This suggests a possible improvement of our conversion tool. For relation schema created using the Predicate or Type predicate strategy, instances of a given property could be persisted in all of its parent relation tables, just like instances of a given type are added to all of its superclass entity tables.
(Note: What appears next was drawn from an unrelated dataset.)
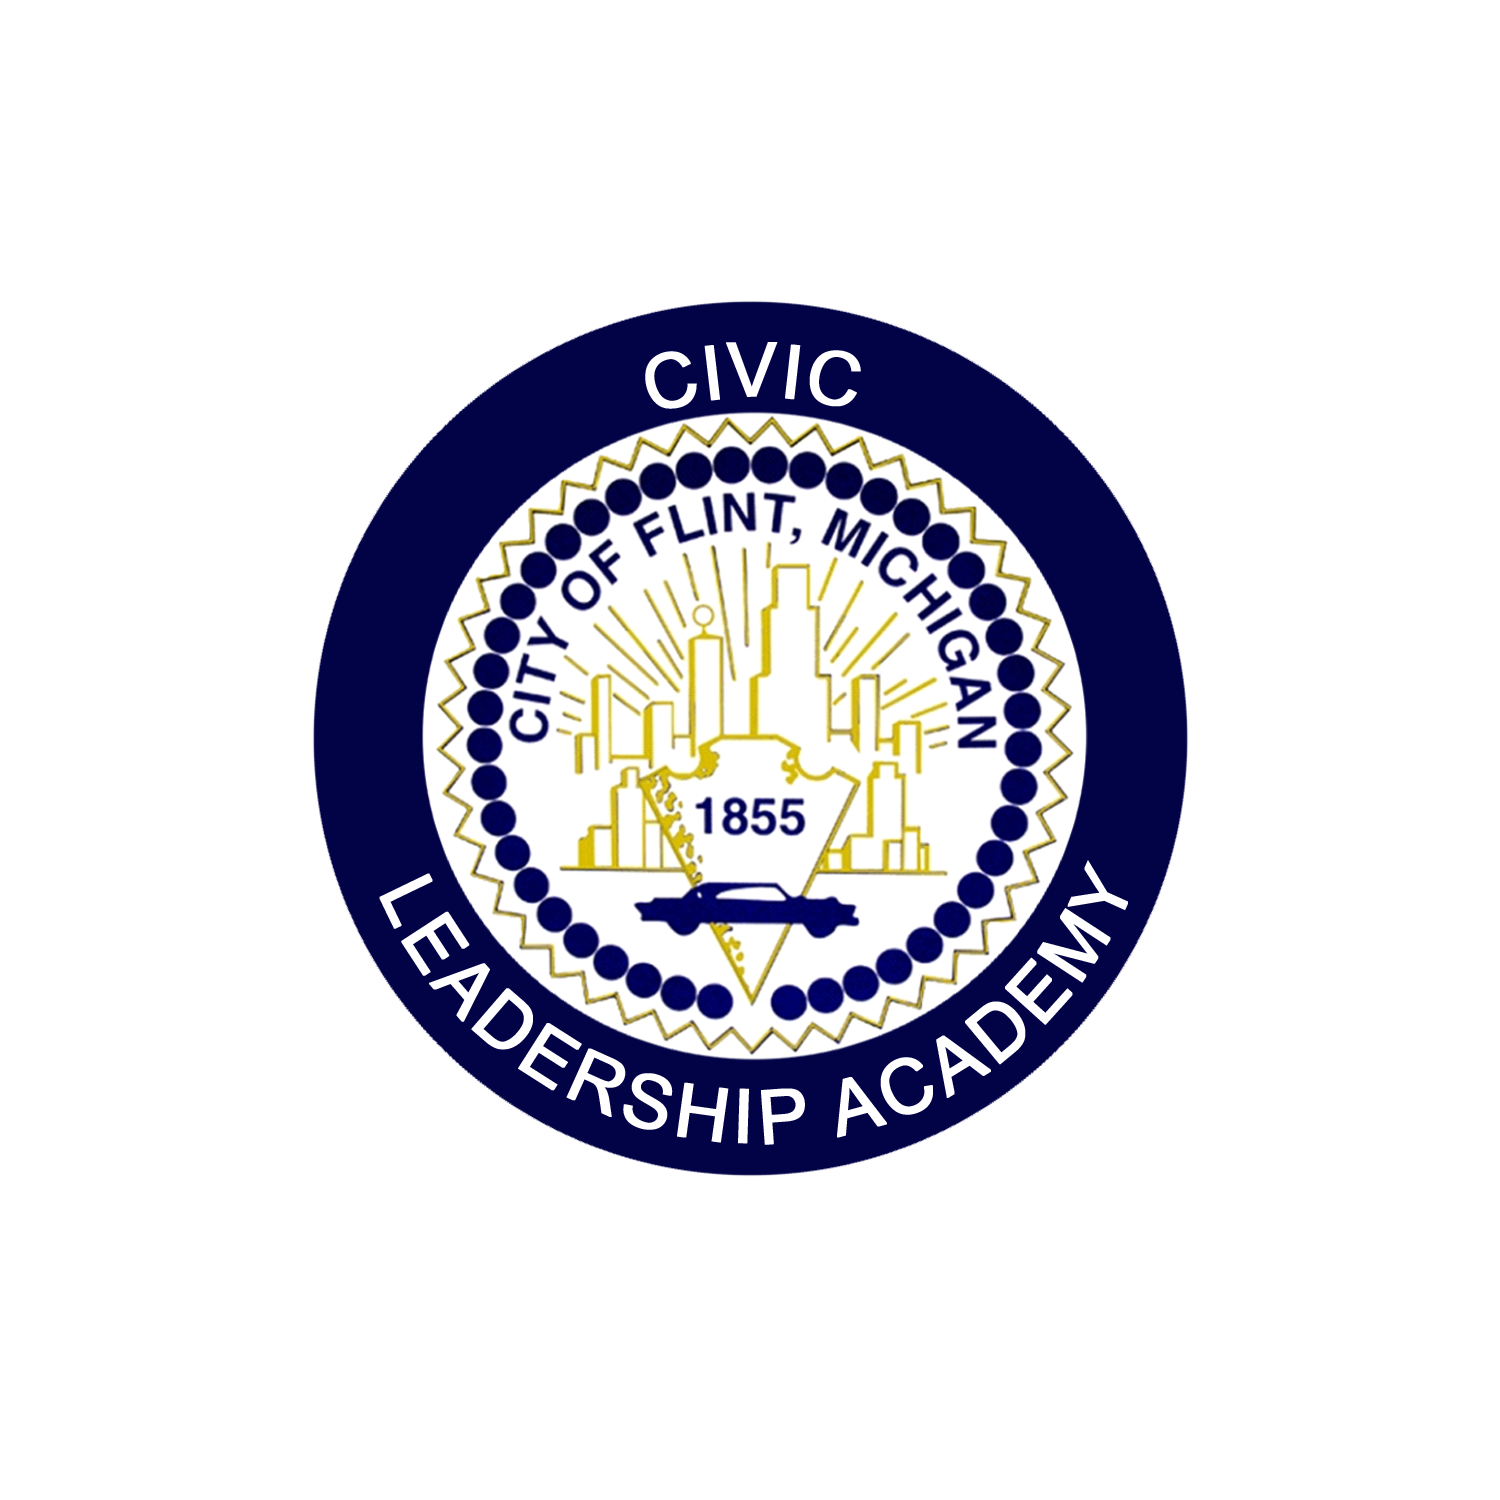 CIVIC Leadership

Bands from the Czech Republic

Next, let’s combine the musical domain with provided geographical information. For example, using the following SPARQL query, we can fetch music genres of the oldest Czech bands that have their Wikidata entry:

SELECT
?bandLabel
(year(?inception) AS ?year)
(GROUP_CONCAT(?genreLabel; separator=’, ’) AS ?genres)
WHERE
{
?band wdt:P31 wd:Q215380 . # is a band
?band wdt:P495 wd:Q213 . # band is from Czech republic
?band wdt:P571 ?inception . # band has inception year
?band wdt:P136 ?genre . # band has genre
?genre rdfs:label ?genreLabel . # request labels
FILTER((LANG(?genreLabel)) = "en") .
SERVICE wikibase:label { bd:serviceParam wikibase:language "en" }
}
GROUP BY ?bandLabel ?inception
ORDER BY ?year

The same result can be achieved using SQL by selecting from the band table, joining with the country table through the country_of_origin relation and with the music_genre table through the genre relation.

SELECT
band.label_en as name,
date_part(’year’,band.inception) as inception,
string_agg(music_genre.label_en, ’, ’) as genres
FROM country
INNER JOIN country_of_origin ON country.id = country_of_origin.id_to
INNER JOIN band ON country_of_origin.id_from = band.id
INNER JOIN genre ON band.id = genre.id_from
INNER JOIN music_genre ON music_genre.id = genre.id_to
WHERE country.label_en = ’Czech Republic’
AND band.label_en IS NOT NULL
GROUP BY band.label_en, band.inception
ORDER BY band.inception;

Number of bands by country

Next, let’s focus on countries in general and generate a simple statistic of the number of bands that have their Wikidata entry per country. This can be achieved using the following SPARQL query:

SELECT ?countryLabel (COUNT(?band) AS ?bands)
WHERE
{
?band wdt:P31 wd:Q215380 . # is a band
?band wdt:P495 ?country . # band is from a country

The same result can be achieved using SQL by counting the number of country_of_origin relations between the band table and the country table:

SELECT
country.label_en as name,
COUNT(*) as bands
FROM country
INNER JOIN country_of_origin ON country.id = country_of_origin.id_to
INNER JOIN band ON country_of_origin.id_from = band.id
GROUP BY country.label_en
ORDER BY 2 DESC;

Number of bands per capita

Finally, let’s extend the previous query and calculate the number of bands per million inhabitants. The population of each country is readily available, the result can be achieved using the following SPARQL query:

SELECT
?countryLabel
?population
(COUNT(?band) AS ?bands)
(COUNT(?band) * 1000000 / ?population AS ?perMillion)
WHERE
{
?band wdt:P31 wd:Q215380 . # is a band
?band wdt:P495 ?country . # band is from a country
?country wdt:P1082 ?population . # country has population

To achieve this result in SQL, first we need to check where the population property is stored. Apparently, less than 10% of countries specify their population, the property value is therefore stored as a row in the Entity-Attribute-Value table. First, we use this SQL query to find the numeric identifier of our property:

SELECT predicate FROM _meta_predicates WHERE label = ’population’;

Finally, we can achieve the desired result by selecting from the country table, joining with the band table through the country_of_origin relation and with the _attributes EAV table directly on the country’s primary key:

SELECT
country.label_en as name,
_attributes.value::int as population,
COUNT(*) as bands,
COUNT(*)*1000000/_attributes.value::int as "per million"
FROM country
INNER JOIN country_of_origin ON country.id = country_of_origin.id_to
INNER JOIN band ON country_of_origin.id_from = band.id
INNER JOIN _attributes ON _attributes.id = country.id
AND _attributes.predicate = 4165 AND _attributes.datatype=’INTEGER’
GROUP BY country.label_en, country.description_en, _attributes.value
ORDER BY 4 DESC;

More about Wikibase data model

There are a few small but important features of RDF2X that enable automatic conversion of Wikidata to a relational database.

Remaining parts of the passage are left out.